Prometheus 2.0 deployments have provided impressive results with the latest storage engine upgrade. The new indexing approach lowers the query latency and provides a more consistent approach which greatly reduces resource consumption without compromising stability. It also significantly lowers the amount of data written to the disk, increasing the lifetime of storage devices while lowering costs when there is high series churn. Even when using the same time series compression algorithm, Prometheus 2.0 provides significant disk space savings and maintains stable performance and significantly more responsive queries.

Database Snapshot Backups

Prometheus 2.0 also comes with built-in support for the more frequently requested feature of snapshot backups for the entire database through a simple native API call:

$ curl -XPOST http:///api/v2/admin/tsdb/snapshot 

{"name":"2017-11-08T21:44:35Z-3f7a688bb002e56d"}

Upon request, the snapshot is located in a directory; there is also support for snapshots to be uploaded to an archive store. One can easily move the snapshot to the new server's data directory and start a new Prometheus server with the backed-up data.

Prometheus 2.0 is focused on improving performance and making it even simpler to operate. It makes the experience more consistent and intuitive with many small and big changes. One of the notable changes is the staleness handling, which was one of the oldest and most requested roadmap items. It helps explicitly to track the disappearing monitoring targets or series from those targets, which reduces querying artifacts and increases alerting responsiveness. The latest release also migrated the recording and alerting rules from a custom format to the ubiquitous YAML format. This makes it much easier to integrate with most configuration management tools and is invaluable for templating.

What’s Next with Prometheus?

The new storage subsystem is designed to be accessible and extensible. This goes for new features directly integrated into Prometheus as well as custom tools that can be built on top of it.

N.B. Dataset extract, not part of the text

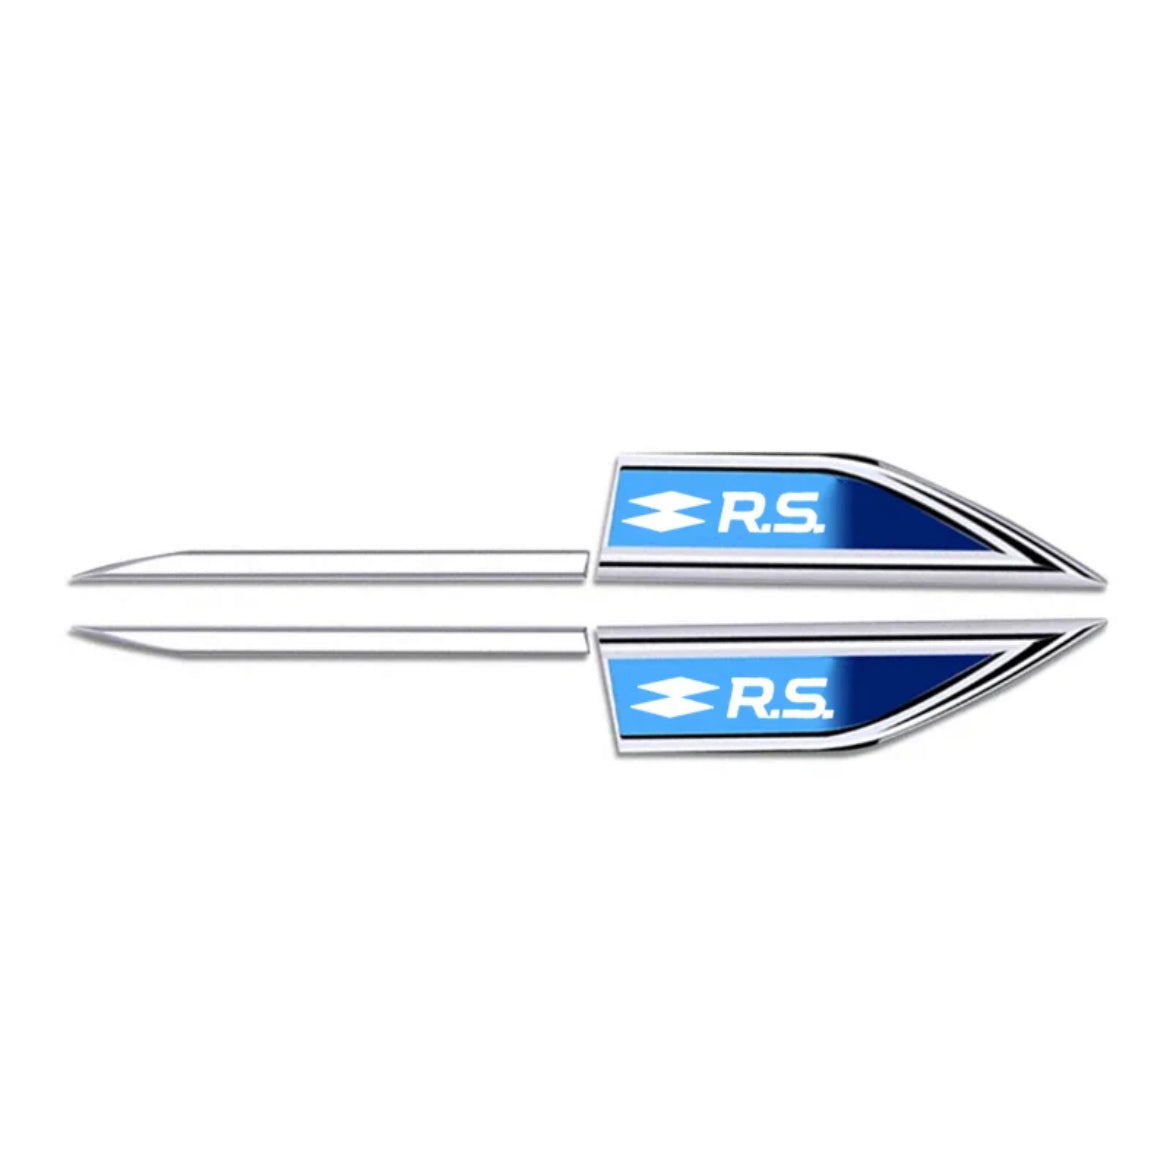 Ailes latérales Renault RS (x2) - Povcars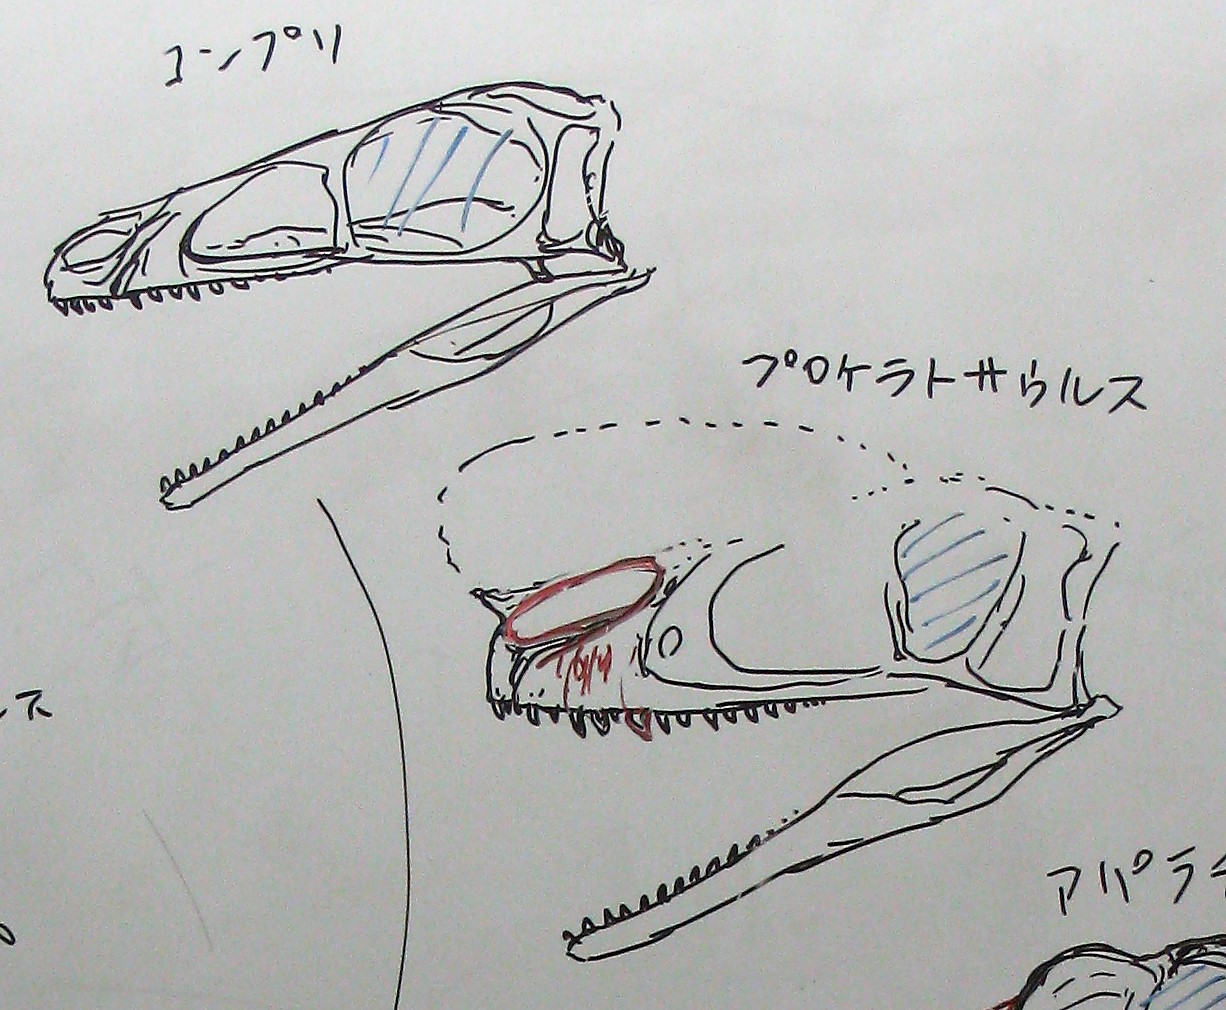 荒れクトロ ドリプトサウルス アパラチオサウルス段階で 大きな獲物を襲うタイプに急激に変化した ただしこの2属はその段階の生き残りで 進化はもっと前に起きていた ティラノサウルスがアパラチアに進出した場合 亜成体がドリプトとの競合に勝ち

The simple and open storage format and the library allow users to build custom extensions like dynamic retention policies easily. This enables the storage layer to meet a wide array of requirements without drawing complexity into Prometheus itself, allowing it to focus on its core goals.

The remote APIs will continue to evolve to satisfy requirements for long-term storage without sacrificing Prometheus' model of reliability through simplicity.

The best part about the enhancements in Prometheus 2.0 is that it not only supports today's workloads better than ever, but it also has room to support tomorrow's workloads which enables increasing dynamism in infrastructure. Prometheus 2 is still the Prometheus you have learned to love, just a lot faster and even easier to operate and use. You can try out Prometheus 2.0 as usual by downloading official binaries and container images. Rock On!